Прошло немало времени, прежде чем он огляделся кругом и заметил, что спутника его уже и след простыл. Никаких звонков тогда не существовало. Он кинулся к двери – она была заперта. Он стал громко кричать – и тут же послышались еще чьи-то крики, но такие душераздирающие и разноголосые, что его охватил безотчетный ужас и он умолк. Поелику время шло, а к нему так никто и не приходил, он попытался открыть окно и тут в первый раз заметил, что на нем была решетка. Окно это выходило на узкий, мощенный плитками дворик, где не было ни одного живого существа, да если бы и нашлось хоть одно, оно бы, верно, не выказало никаких человеческих чувств.
Сраженный невыразимым ужасом, он не то чтобы сел, а, обессилев, свалился на койку под этим злосчастным окном и стал с нетерпением дожидаться рассвета.
* * *
В полночь он очнулся от забытья, чего-то среднего между обмороком и сном, которое, впрочем, вряд ли могло длиться долго – до того жестка была койка и сколоченный из сосновых досок стол, к которому он приткнулся головой.

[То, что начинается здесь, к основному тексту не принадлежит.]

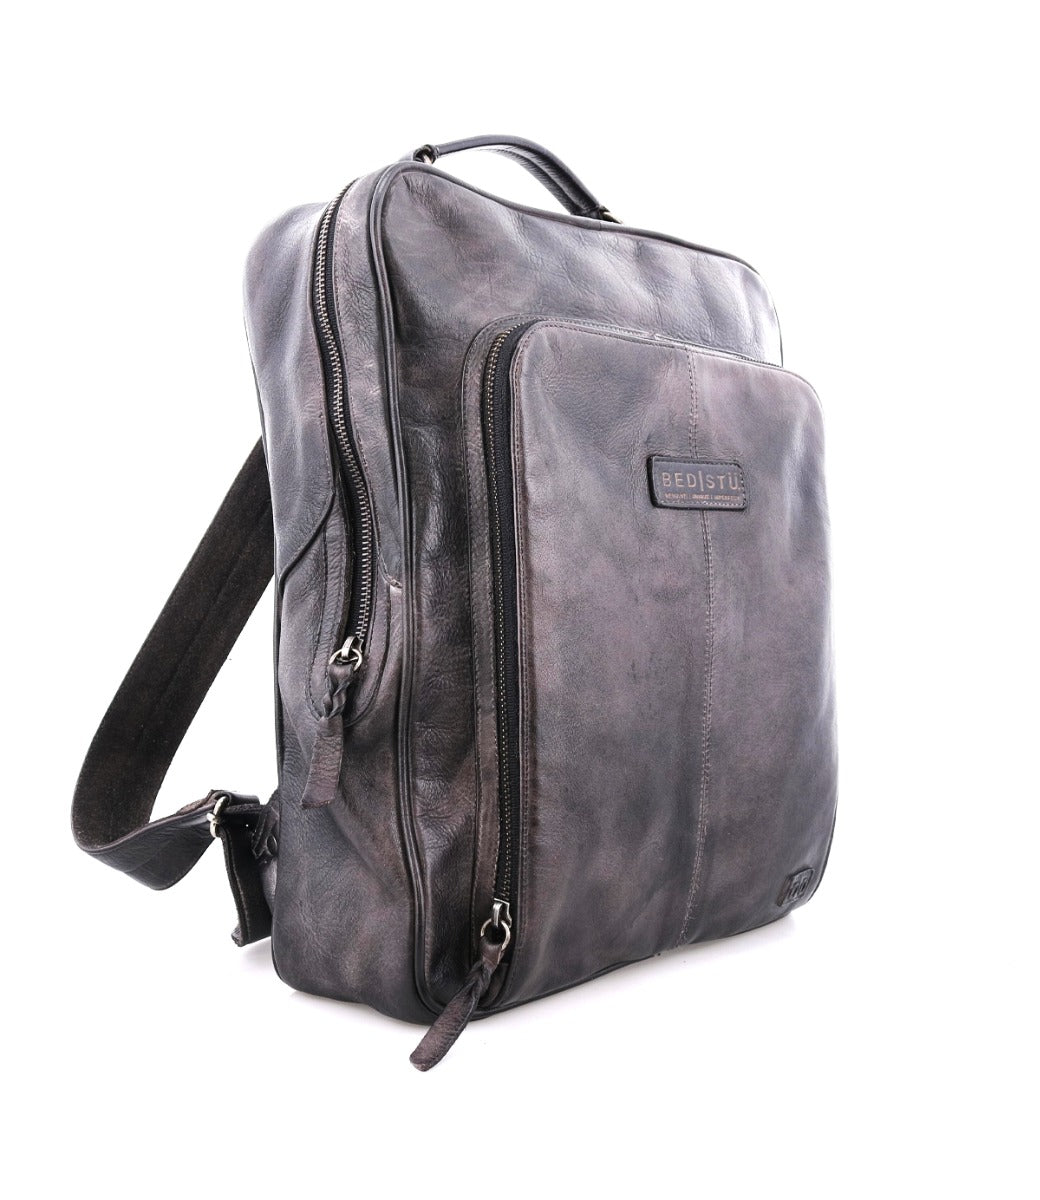 A Rozes by Bed Stu grey leather backpack on a white background.
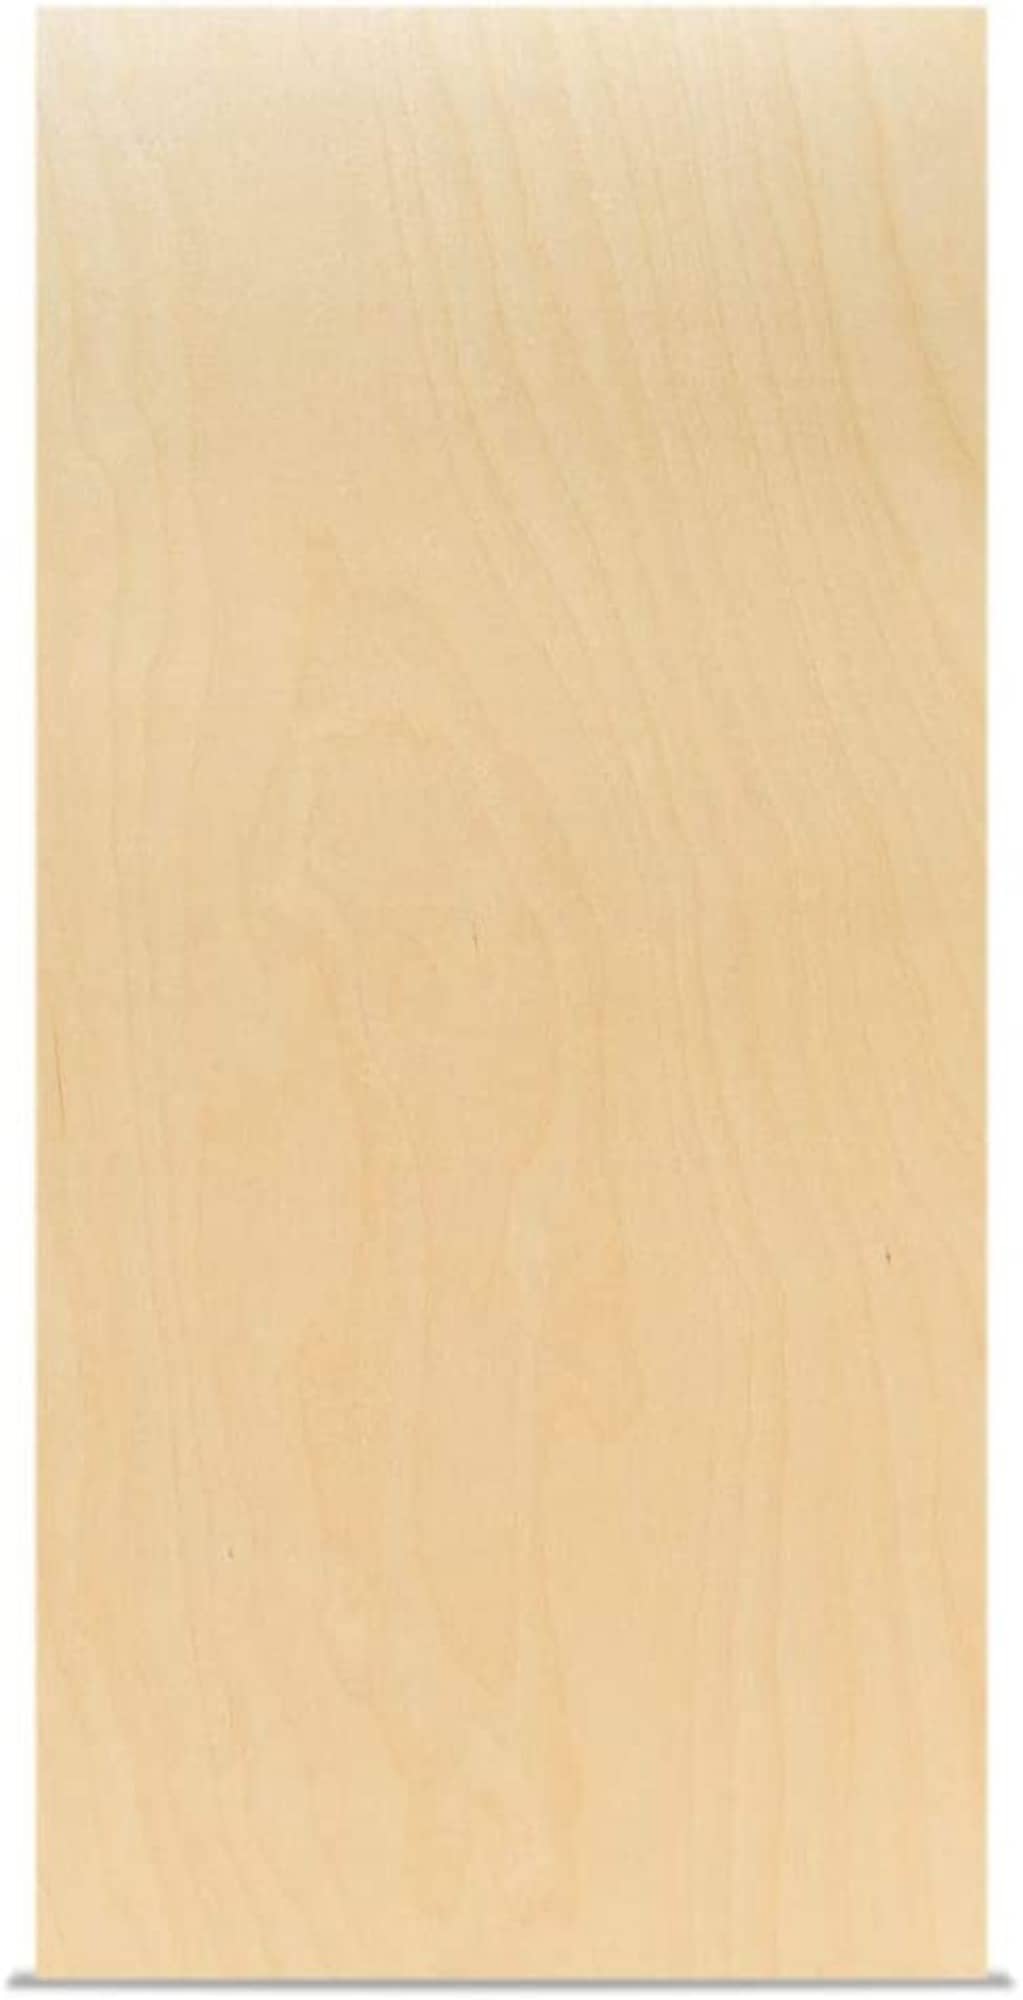 45pcs Baltic Birch Plywood 1/8''(3mm) Thick 12 X 12 Wood Crafts Modeling

Все было окутано густым мраком; Стентон сразу ощутил весь ужас своего положения; была минута, когда мало что отличало его от обитателей этого дома. Он ощупью добрался до двери, принялся дергать ее с неистовой силой, испуская отчаянные крики, одновременно и моля о помощи, и требуя, чтобы ему вернули свободу. На крики эти тут же отозвались сотни голосов. Сумасшедшим свойственно совершенно особое коварство и необычайная острота некоторых чувств, и в частности слуха, всегда позволяющая им узнать голос незнакомца. В криках, которые раздавались со всех сторон, слышалось какое-то безудержное, сатанинское ликование по поводу того, что в этой обители скорби стало одним постояльцем больше.
В изнеможении он замолчал: в коридоре послышались стремительные и гулкие шаги. Дверь распахнулась – на пороге стоял свирепого вида человек, за его спиной из полумрака выглядывали еще двое.
– Выпусти меня, негодяй!
– Потише, дружок, чего это ты буянишь?
– Где я?
– Там, где тебе положено быть.
– Вы что, собираетесь держать меня здесь? Да как вы смеете?
– Мы и кое-что еще смеем, – ответил наглый страж порядка и принялся хлестать несчастного ремнем по спине и плечам до тех пор, пока его подопечный не упал на пол, корчась от ярости и от боли. – Ну что, теперь ты видишь, что попал туда, куда надо, – повторил негодяй, потрясая над его головой бичом, – вот что, послушай-ка лучше дружеского совета и больше не шуми. Тут у этих ребят кандалы приготовлены, живехонько они их на тебя наденут. Или еще мало тебе того, что сейчас получил?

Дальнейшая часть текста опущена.